A man observes the angle of elevation of the top of a building to be ${30}^{\circ }$. He walks towards it in horizontal line through its base. On covering 60 m the angle of elevation changes to ${60}^{\circ }$. Find the height of the building correct to the nearest metre.

• A. 50 m
• B. 51 m
• C. 52 m
• D. 55 m

Answer 1

The correct option is C

52 m

Let 'D' be the first point of observation and 'B' be the top of the building.

$\angle ADB={30}^{\circ }$.

Given, on walking 60m towards the building the angle of elevation becomes ${60}^{\circ }$.

$\therefore$ DC = 60m and $\angle ACB={60}^{\circ }$.

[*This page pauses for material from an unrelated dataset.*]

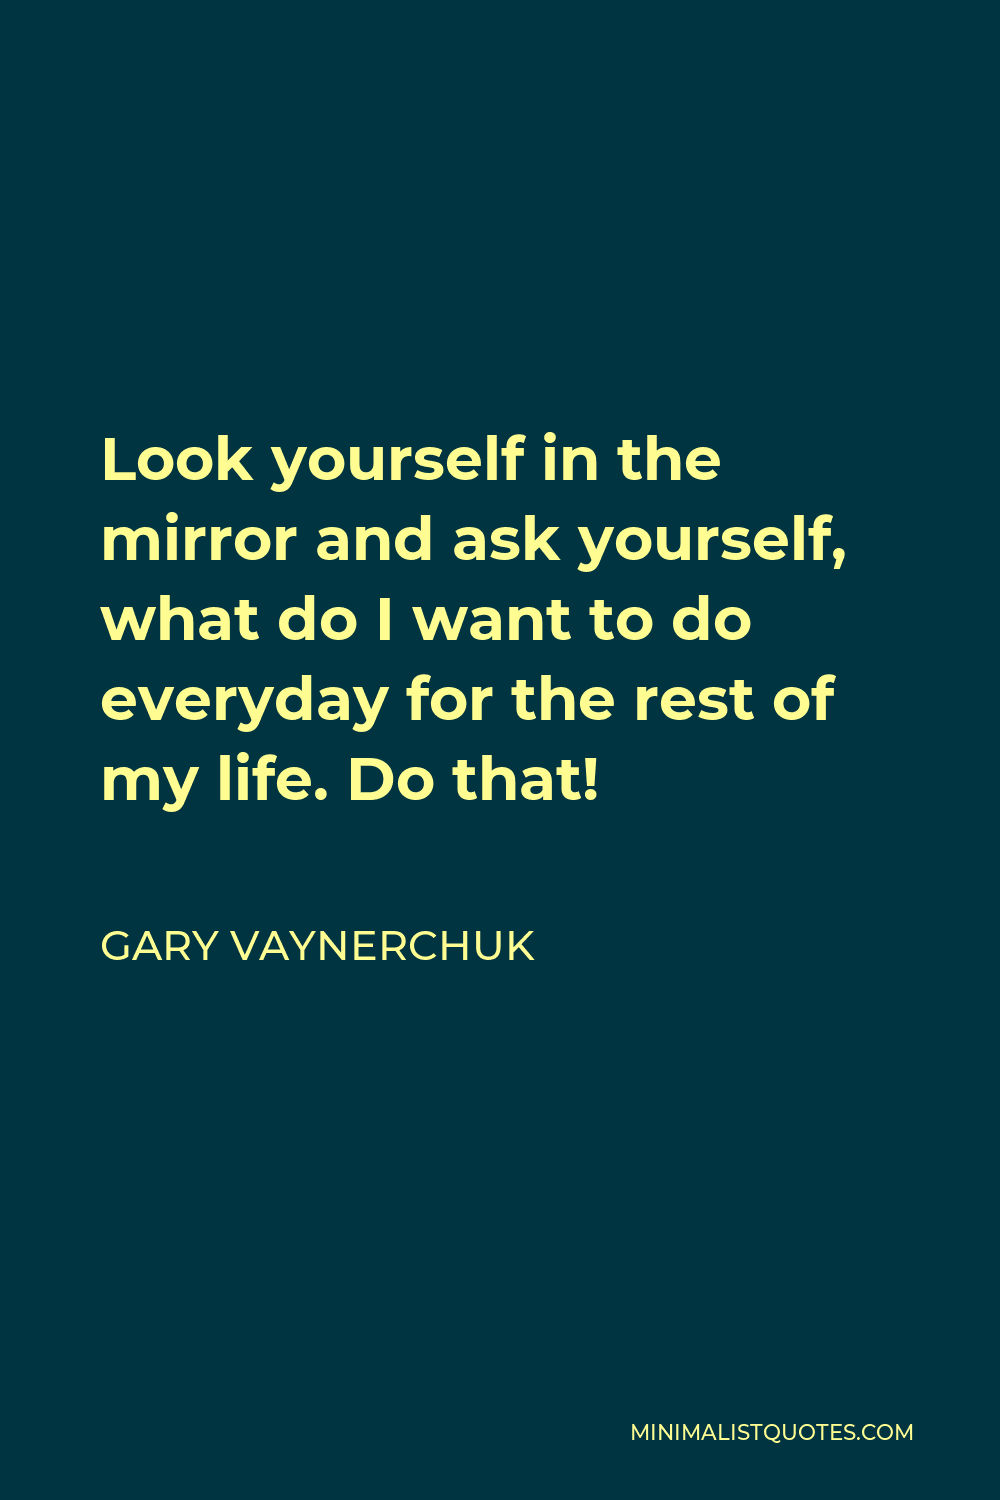 Gary Vaynerchuk Quote: “Your legacy is being written by yourself. Make the  right decisions.”

Let the height of the building = h and CA = x.

In $\Delta ACB$

$tan{60}^{\circ }=\frac{h}{x}$

$\sqrt{3}=\frac{h}{x}$

$\therefore h=x\sqrt{3}$ .......(i)

In $\Delta ADB$

$tan{30}^{\circ }=\frac{h}{60+x}$

$\frac{1}{\sqrt{3}}=\frac{x\sqrt{3}}{60+x}$ .... from (i)

$60+x=3x$

$\therefore 2x=60$

$x=30m$

$\therefore$ height of the building (h) $=x\sqrt{3}$

$=30\left(1.732\right)$

$=51.96m$

$=52m$